Within 12-18 months the country will be declared bankrupt and thousands of public sector workers will lose their jobs. Most importantly they will be dependent on the state for everything. Say hello to your digital benefit payment and welcome CBDC..

Homes will be lost but fear not, the government will provide a hutch in the city – so long as you COMPLY. And of course cars won’t be needed in your digital city. Whoopee, ‘net zero’ here we come.

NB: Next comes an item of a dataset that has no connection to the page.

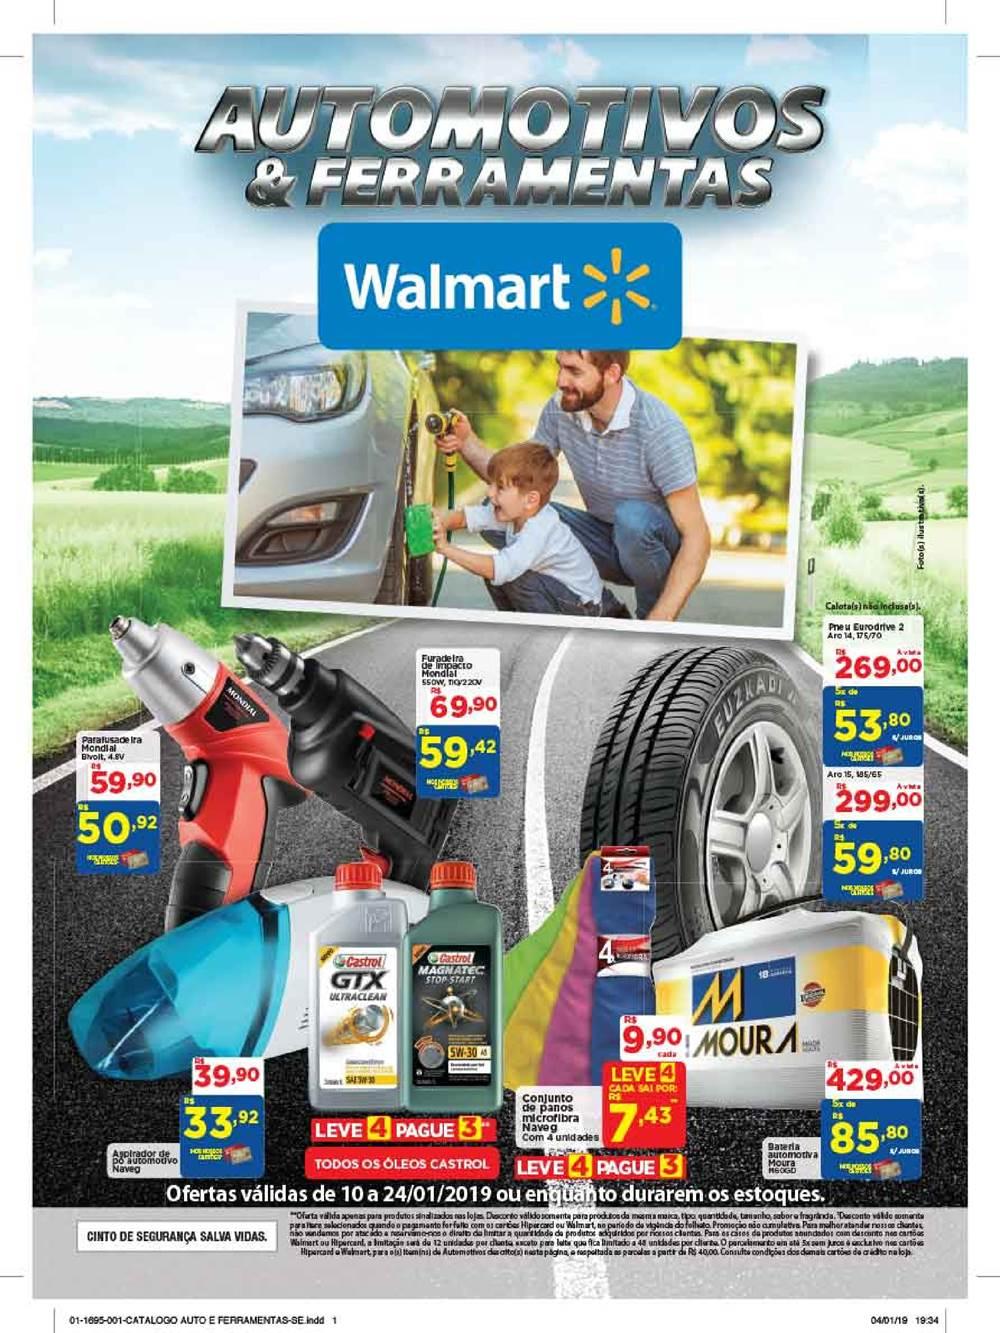 Ofertas-pneu1 Walmart até 17/02
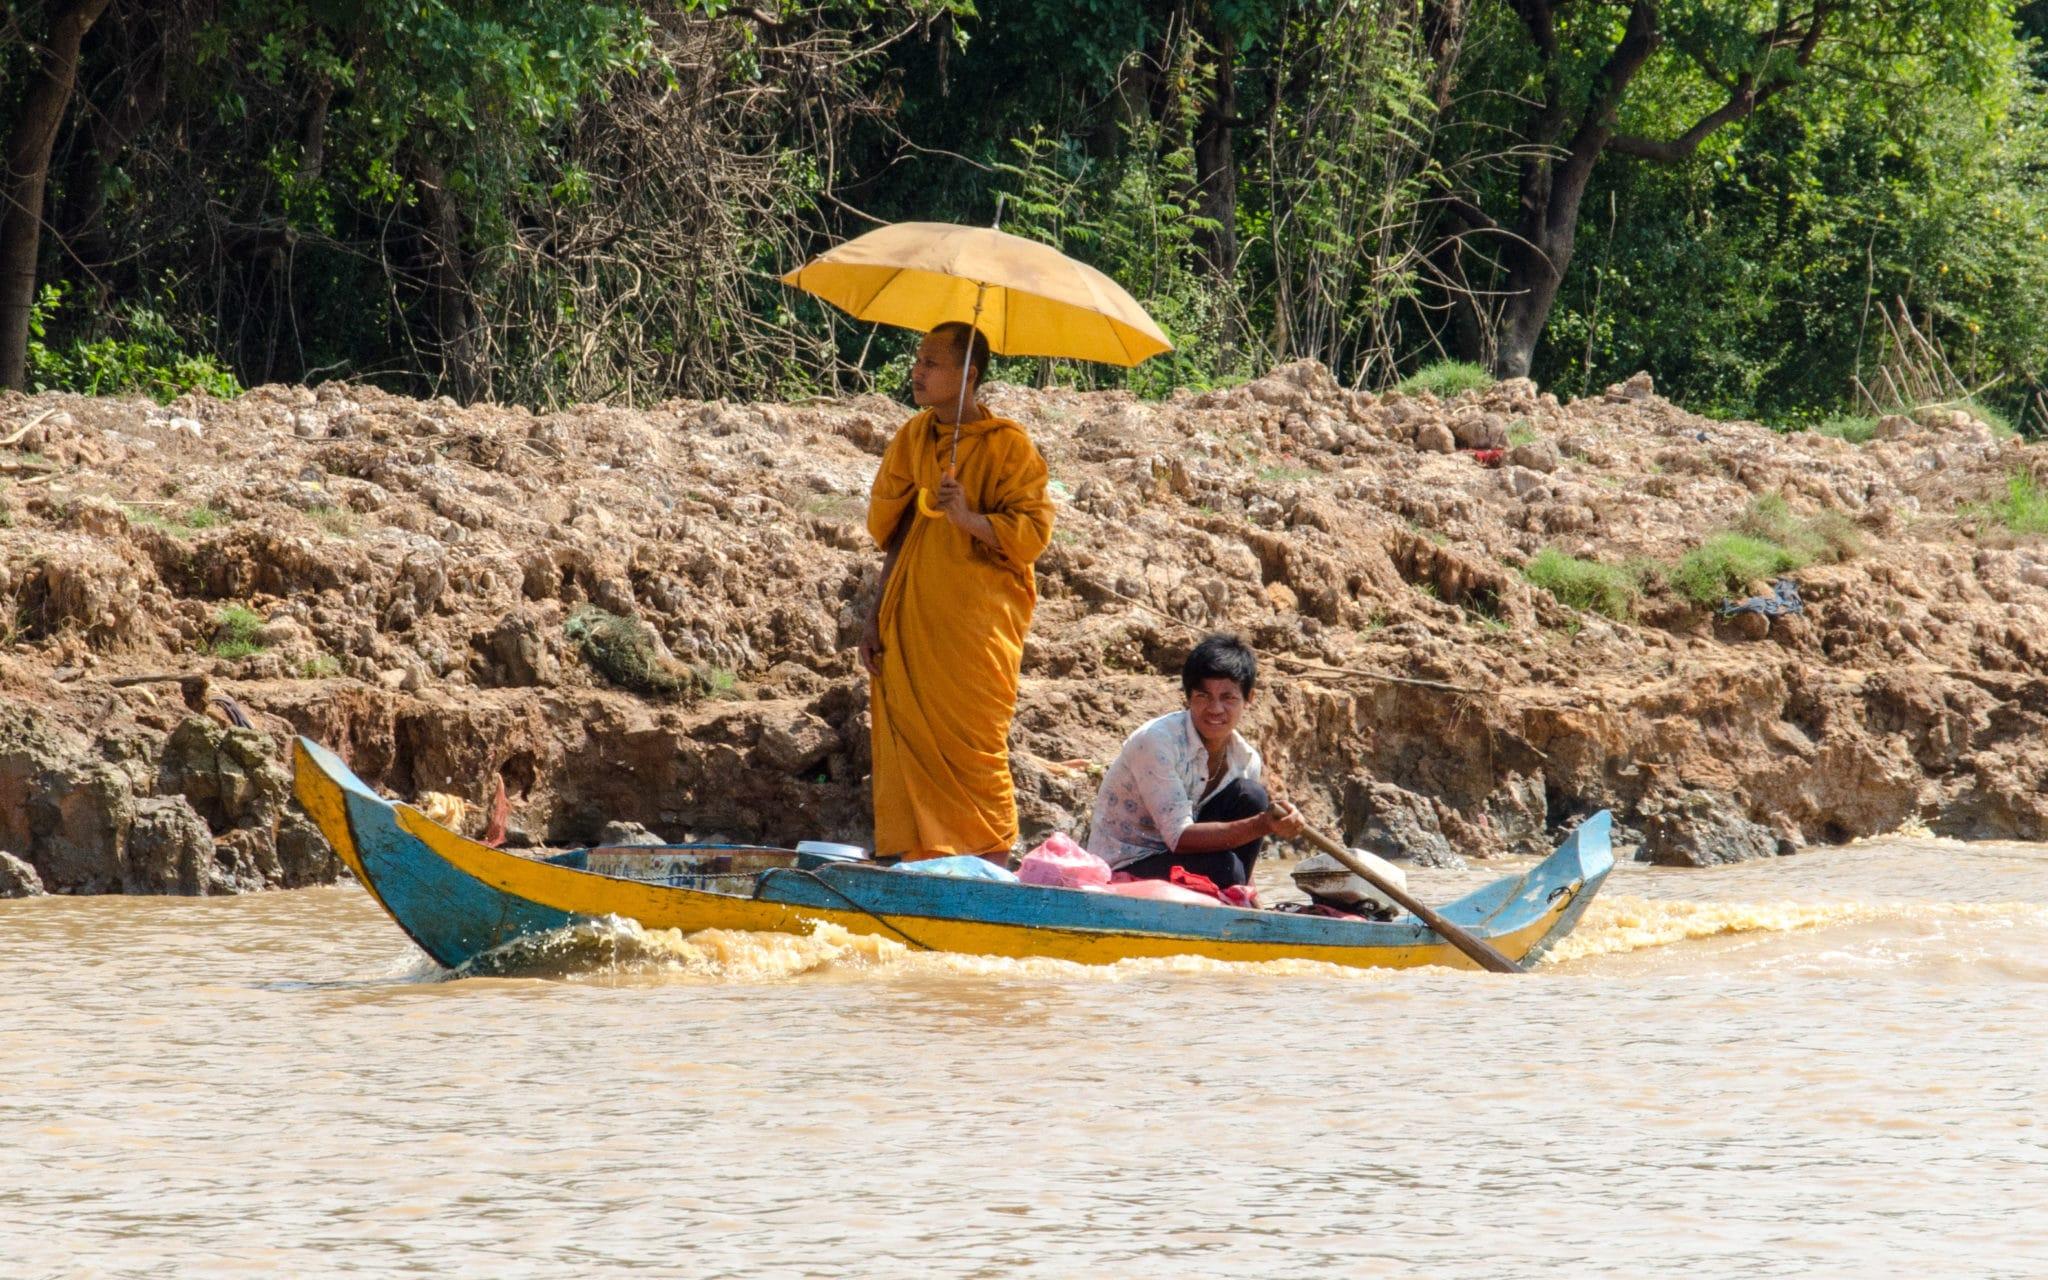 Monk in the Floating Village of Kompong Phluk

Union leaders are as much traitors, to their members and this country as are the politicians.

Always remember:

“It’s never about what they say it’s about.”

Freddy Boy
3 years ago
Reply to  huxleypiggles

PTB planning for our future – Christmas 2020 stay home etc , Christmas 2021 – oh look out here’s Omicron better stay in again ! Christmas 2022 back to normal “US” yippee ! Not so fast f-ckers we will manipulate the system to cause Strikes everywhere so a third Christmas is tainted , stay anxious folks !

huxleypiggles
3 years ago
Reply to  Freddy Boy

Absolutely Freddy.

Hugh
Hugh
3 years ago
Reply to  huxleypiggles

Does that include the Workers of England Union?

huxleypiggles
3 years ago
Reply to  Hugh

I would hope not but surely you understand my intent.

Hugh
Hugh
3 years ago

Please can someone tell me, where were these skivers during the lockdowns, and specifically during the anti-lockdown (and related) protests where some people were getting duffed up by the police?

Covid-1984
Covid-1984
3 years ago

I blame the most profligate Chancellor in our history, whoever that was?…..”crickets “……..

huxleypiggles
3 years ago
Reply to  Covid-1984

Back in the days of Gordon Broon I coined the phrase “economically incontinent.”

By Fishy standards Broon simply had a touch of the runs.